* [Given information]

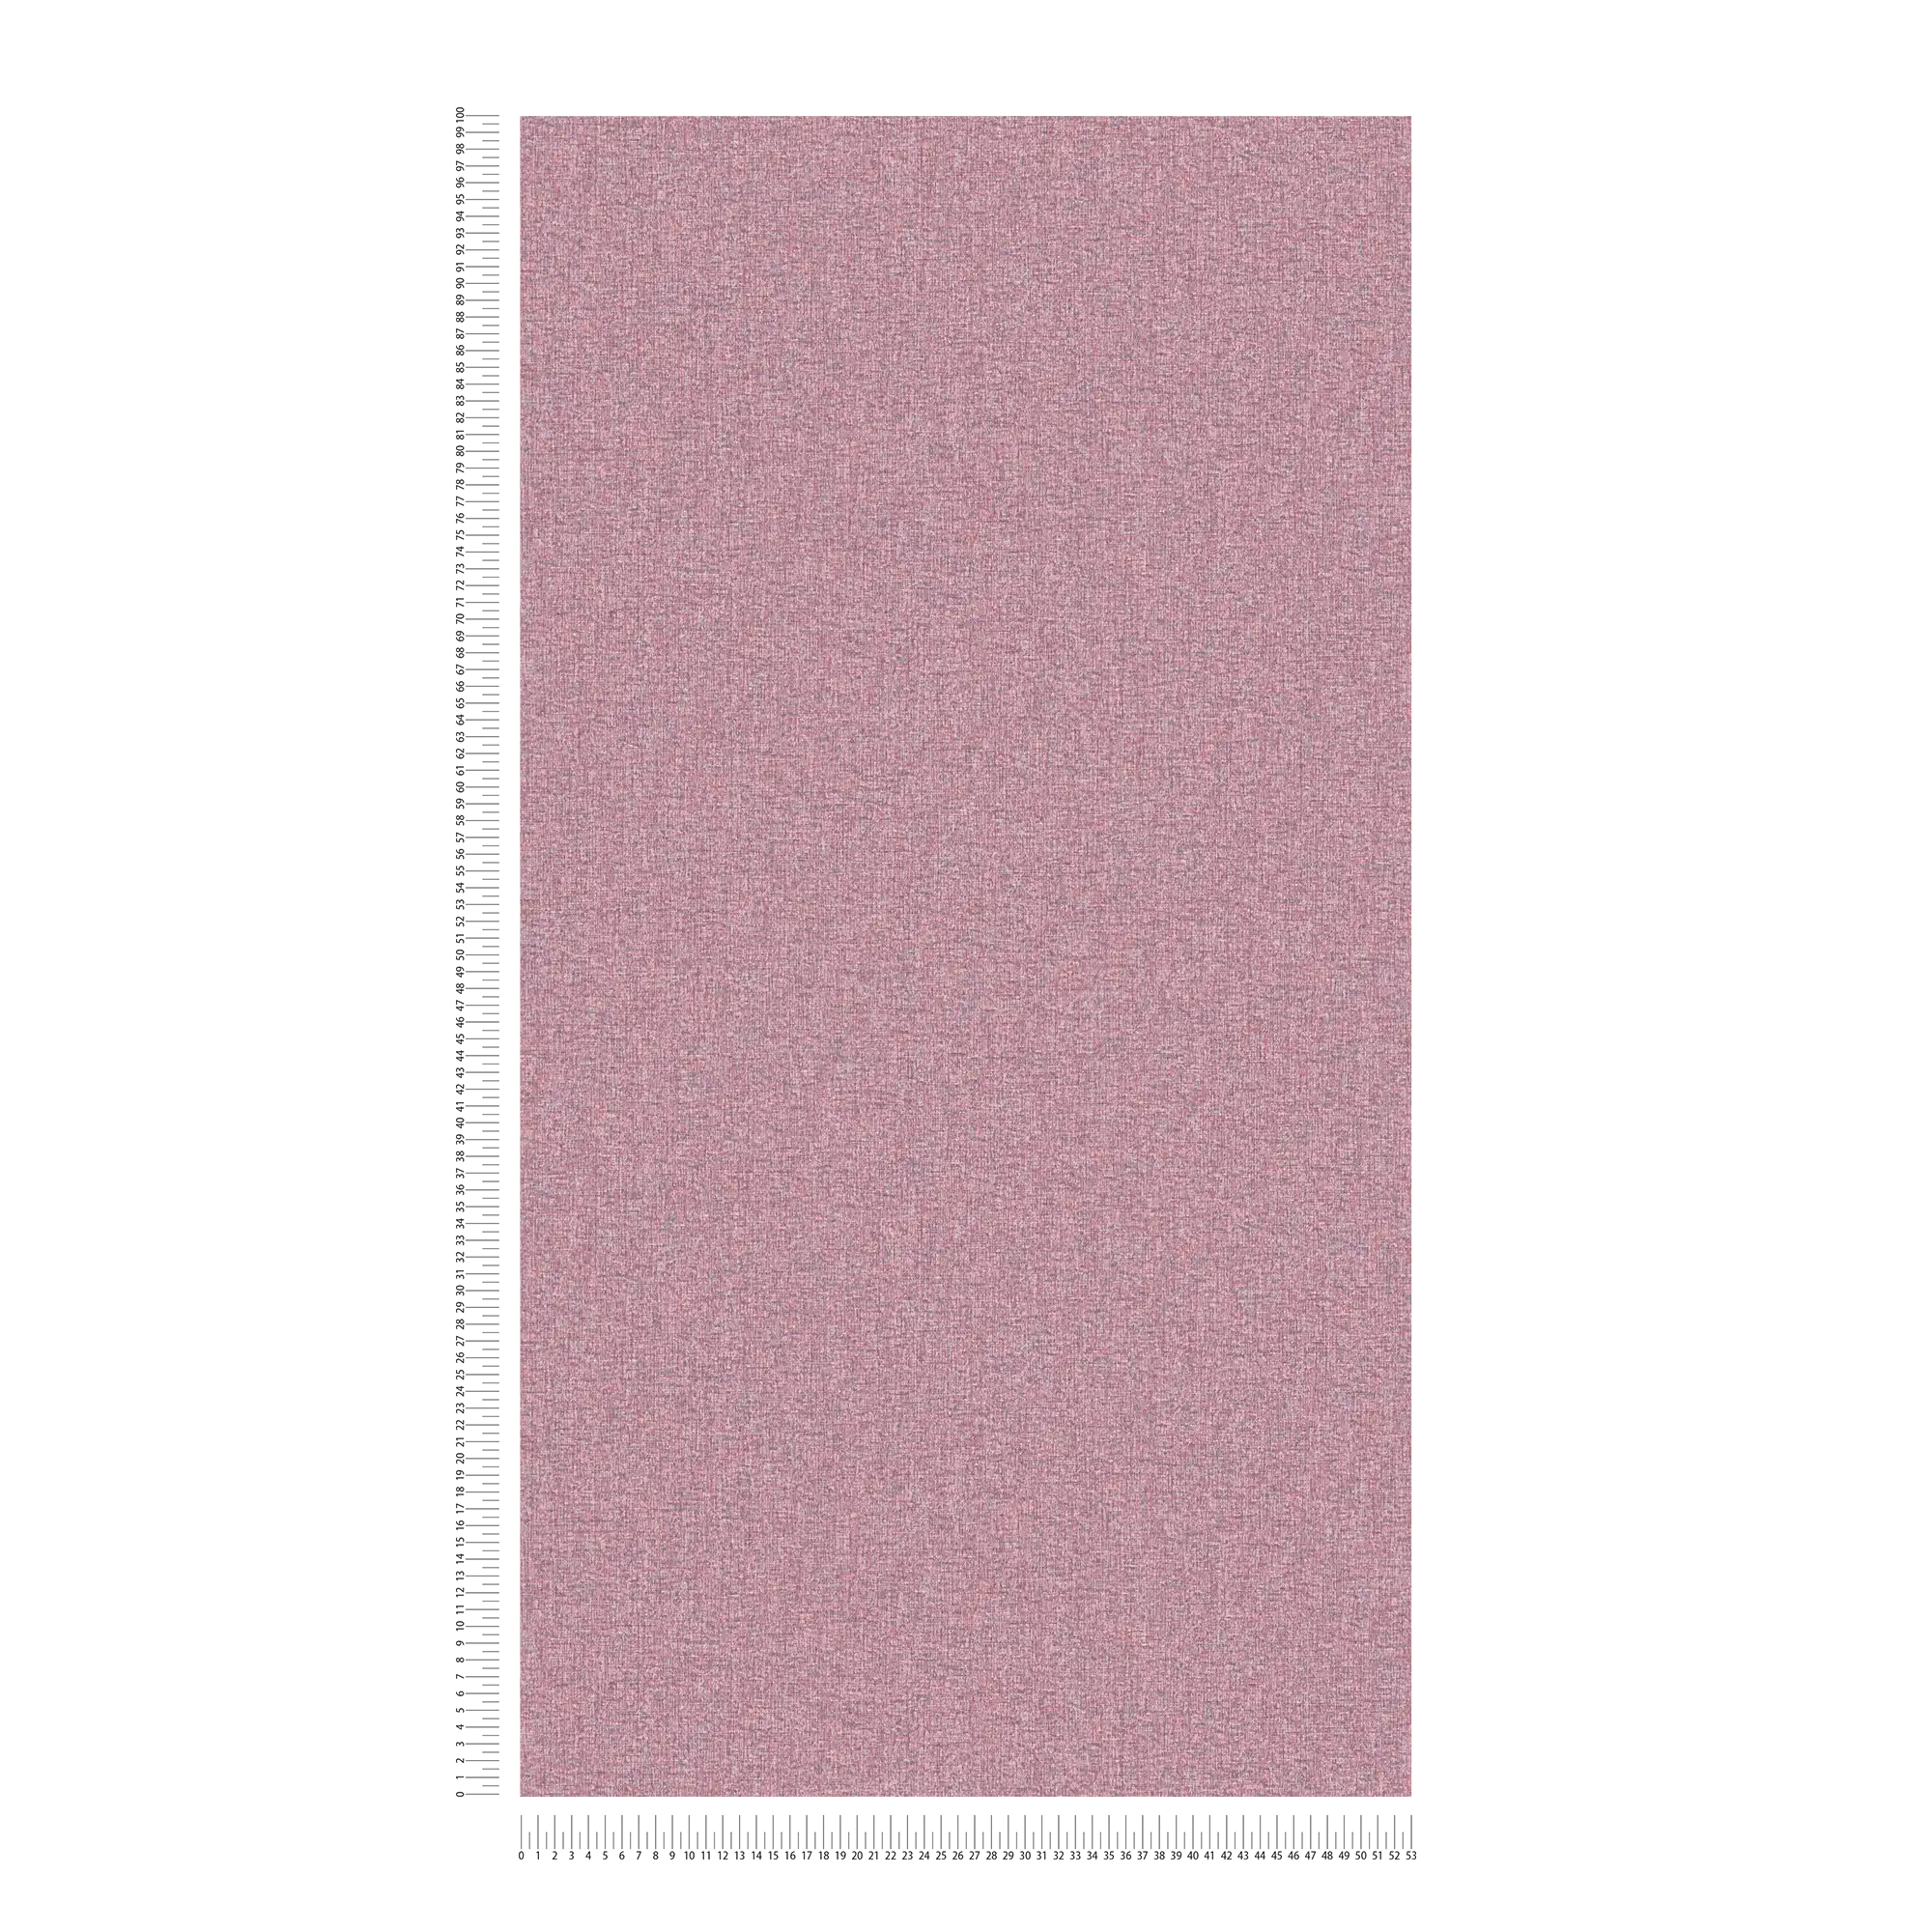             Vliesbehang met weefselstructuur effen, mat - paars, roze
        
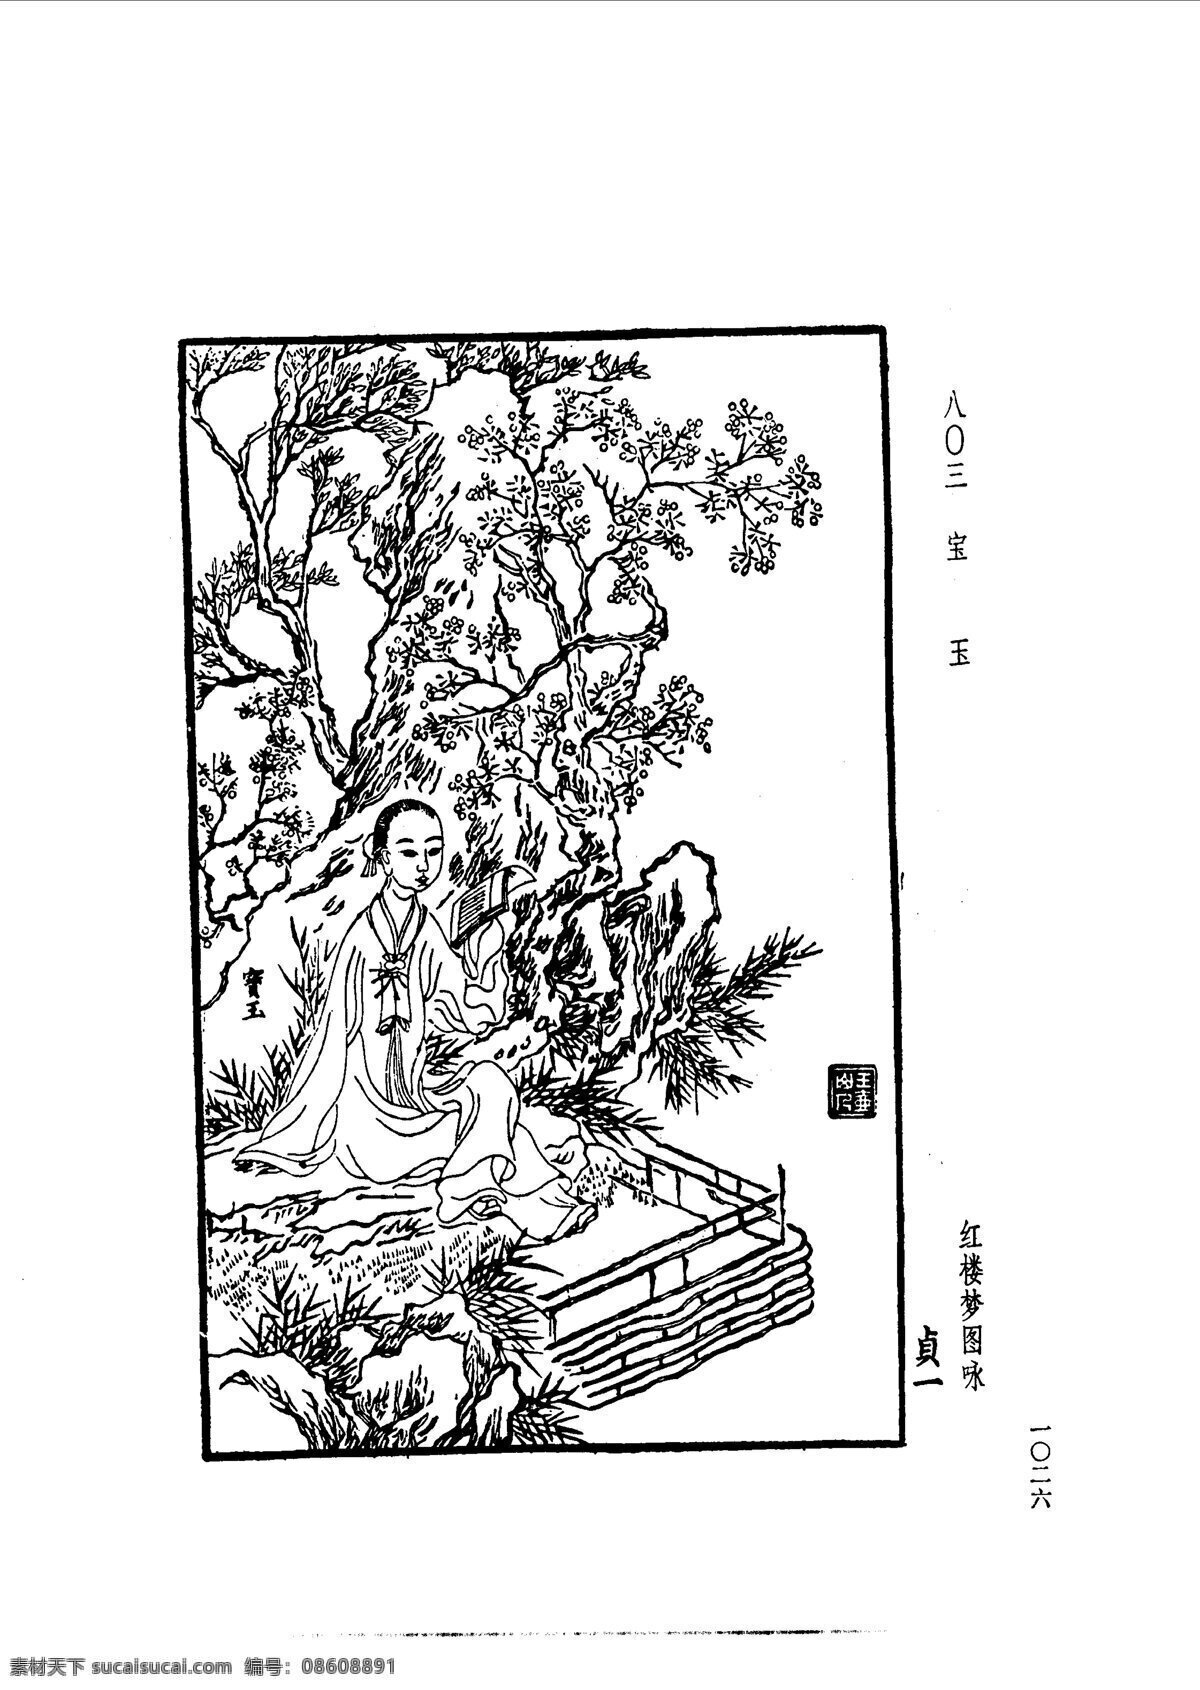 中国 古典文学 版画 选集 上 下册1054 设计素材 版画世界 书画美术 白色
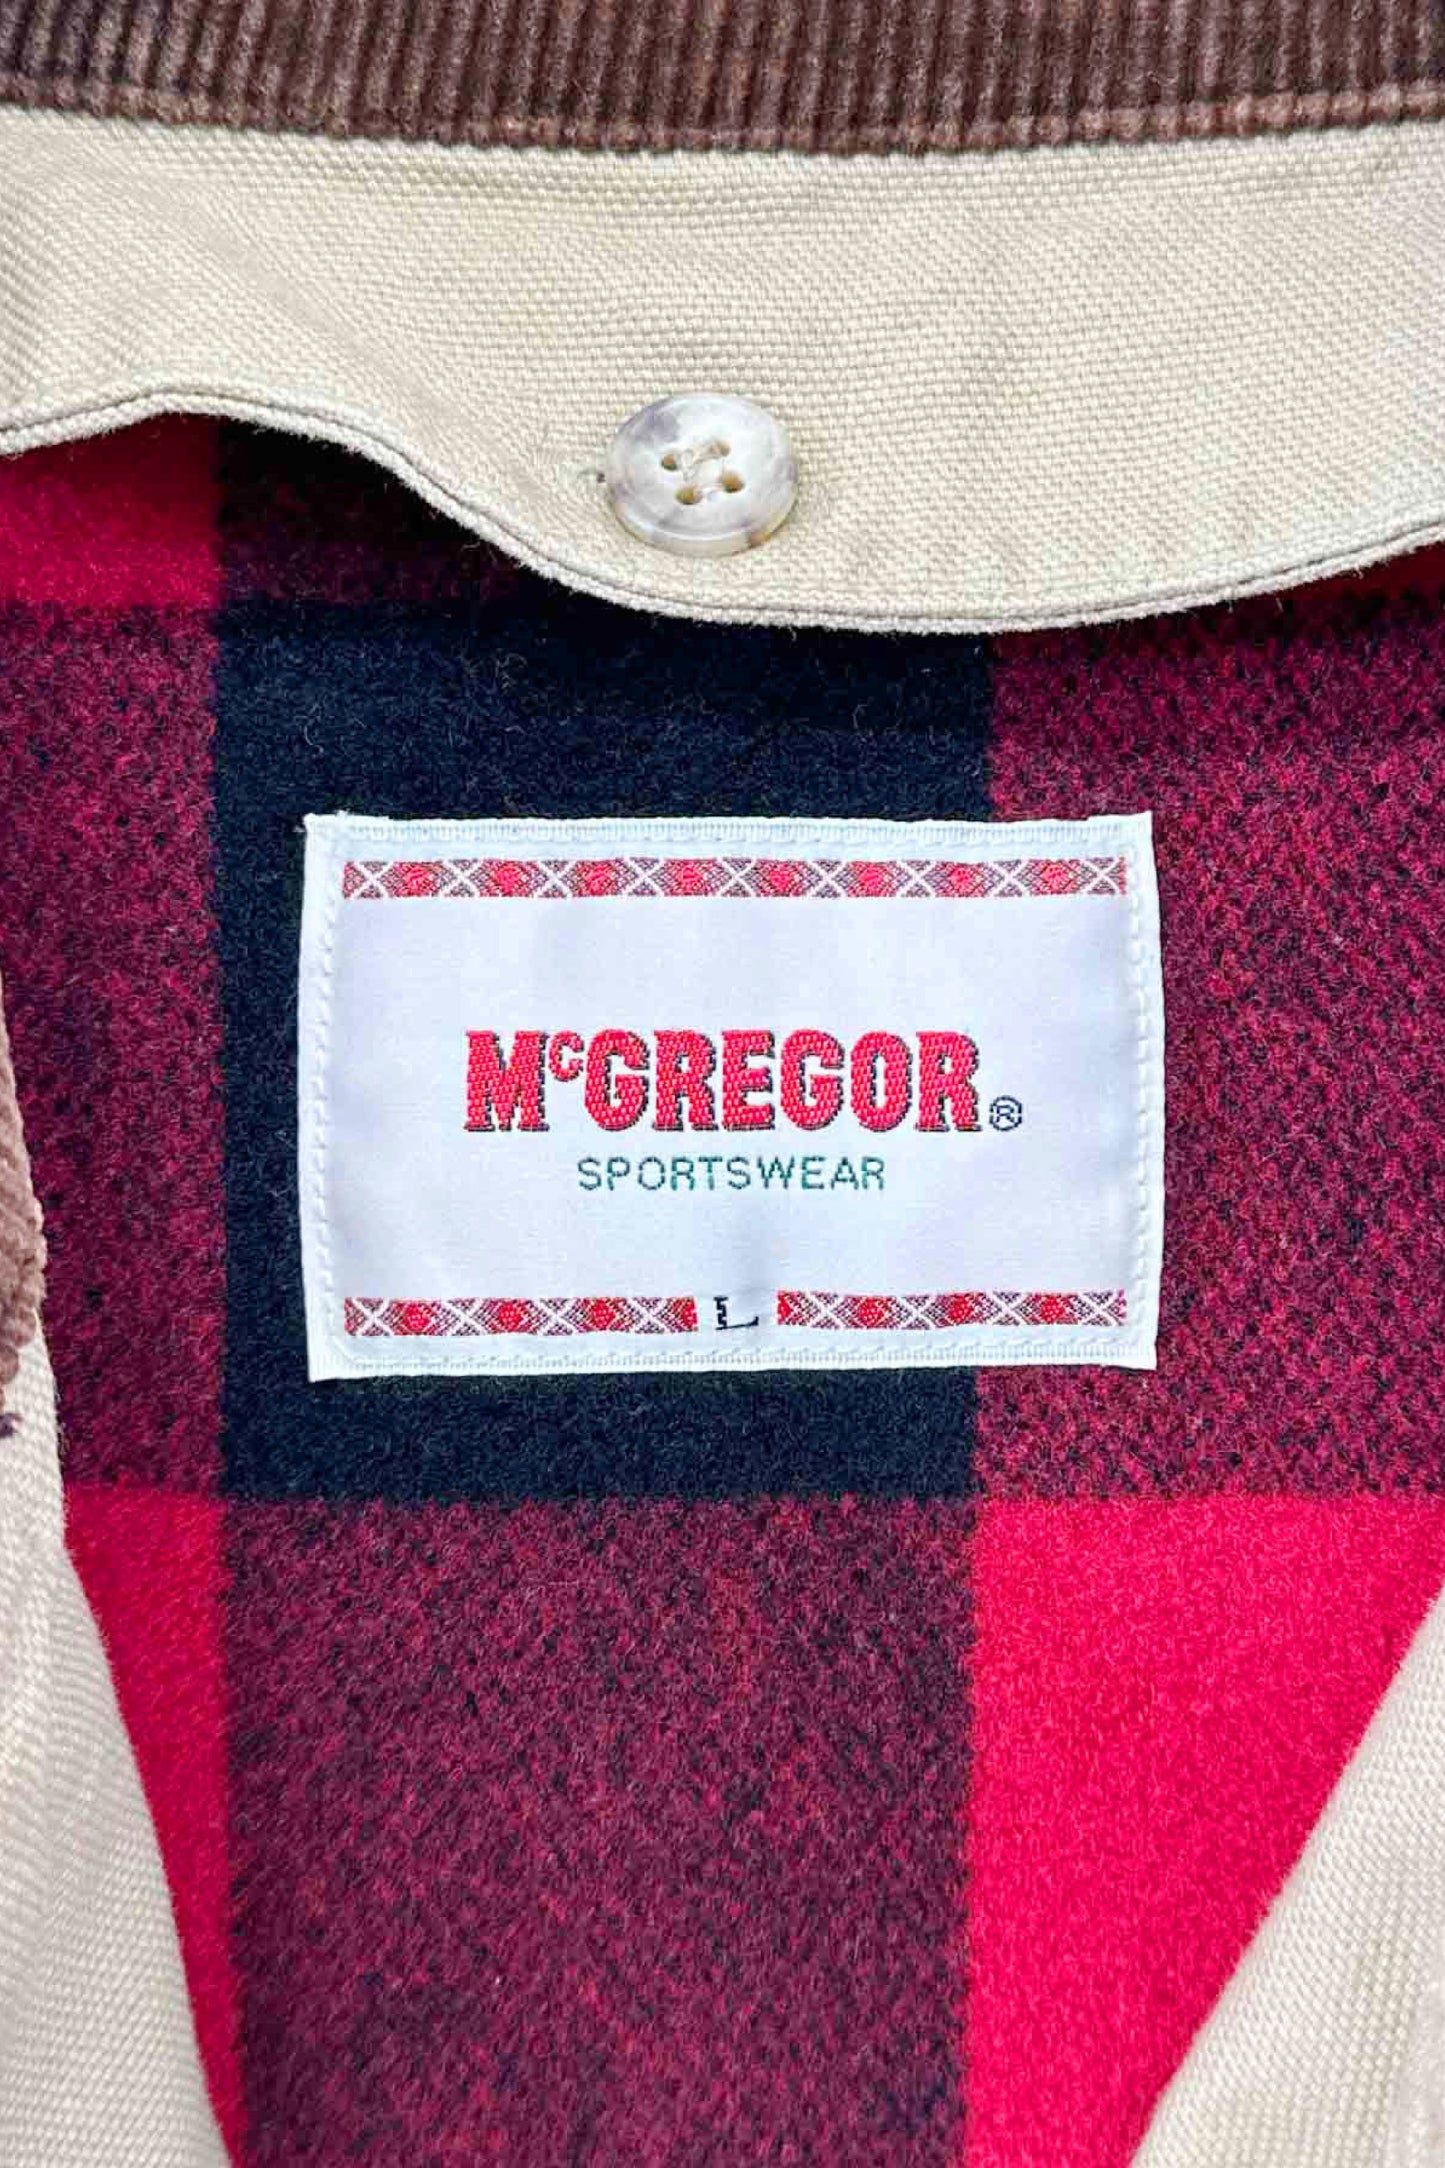 McGREGOR hunting jacket

* [Work instruction] Please transcribe the material above exactly as written. Leave the pictures out.

* [Exercise result]
             Vliesbehang met weefselstructuur effen, mat - paars, roze
        
 中国 古典文学 版画 选集 上 下册1054 设计素材 版画世界 书画美术 白色
 McGREGOR hunting jacket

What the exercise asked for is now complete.